Tonight I saw “End of the Spear” and “He Say, She Say” on DVD. I expected both to be boring and so-so. But I was pleasantly surprised as both were enjoyable.
“End of the Spear” was an interesting true story based on Christian missionaries who try to make contact with the very violent Waodani tribe of people in the Ecuadorian jungles in the 1950’s. Through hardship, sacrifice, and forgiveness among other things, the Waodani tribe ends its endless cycle of death and revenge to further their people. That wasn’t a great summary of the movie, but I liked it.
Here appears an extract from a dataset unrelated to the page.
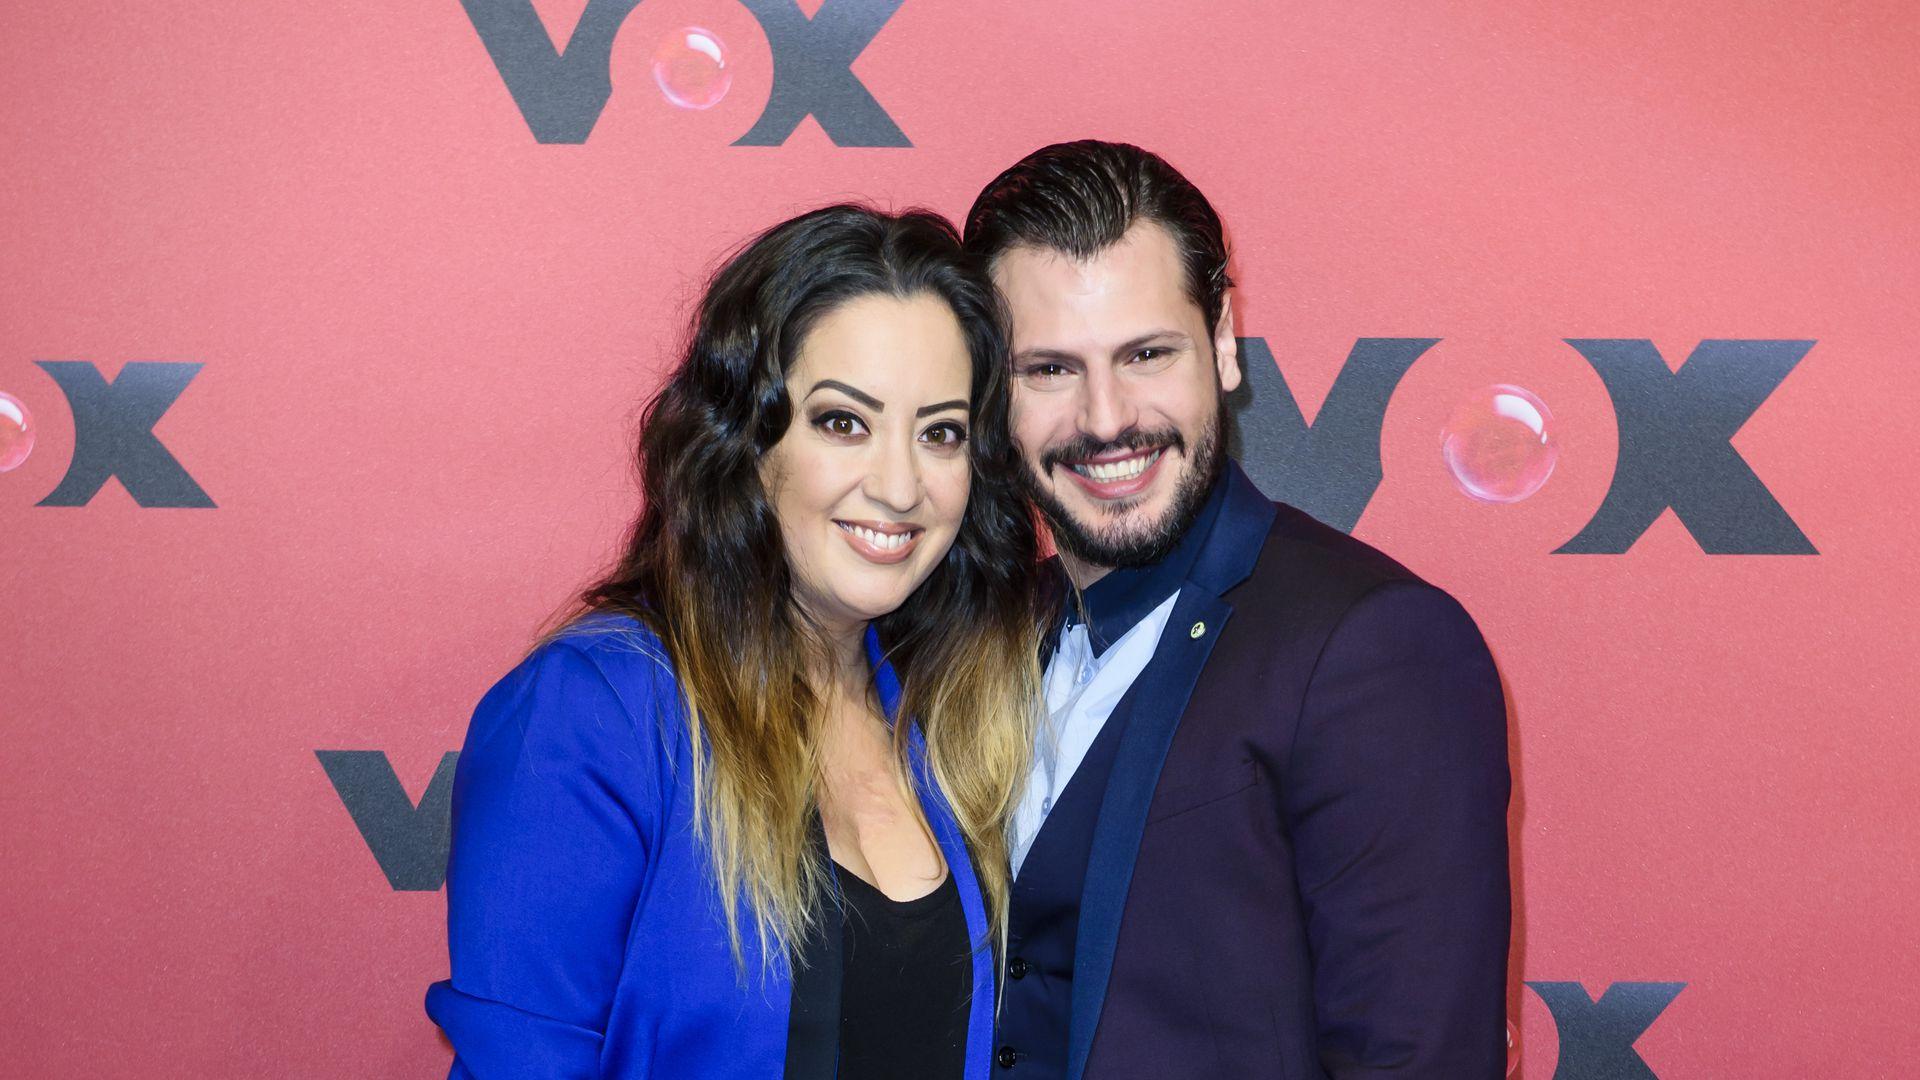 Manuel Cortez & Freundin: Verliebt wie am 1. Tag

“He Say, She Say” is a musical stage about a little storefront church and nightclub next door to each other in Detroit. After some drug dealers kill the pastor of the church, the deed to the church is up for grabs to the highest bidder, namely, the owner of the nightclub and biggest drug dealer in the city. The church needs a miracle if it wants to still be the light on the block of darkness, and the new pastor might be the thing they been looking for. Okay, so that was a sucky summary too, but it was also very enjoyable.
Oh, and “Disturbia” is good. “Fracture” is pretty good too, but the latter part of the movie got messed up because the projectionist put the reel in backwards. So it was playing backwards and upside down in slow motion. It sucked cuz no one did anything for about five minutes and we were like watching something that didn’t make sense. And then it took twenty minutes for them to rewind the reel and play it right. So then when they started again, there was something missing. We missed a scene or scenes and it kinda didn’t make sense. It seemed like there was some jumpcuts that weren’t supposed to be there either, so maybe the studio sent a bad unfinished version. But either way, it was coherent enough to make sense in the end. But for some reason, I still felt something was unresolved in the movie. It could have been bad storytelling, but it could have also been the bad projectionist or print. So I’m gonna say I liked “Fracture” because both main characters, Ryan Gosling and Anthony Hopkins, are terrific. Hopkins is so wonderful at being the calculating bad guy, and Gosling is believable as the hotshot, but not overly-cocky, lawyer, on his way out of criminal law into corporate law, but stuck because of this one last case. Anyway, kindalike a John Grisham version of “Silence of the Lambs” when I think about it. I have to review it by wednesday morning for INK.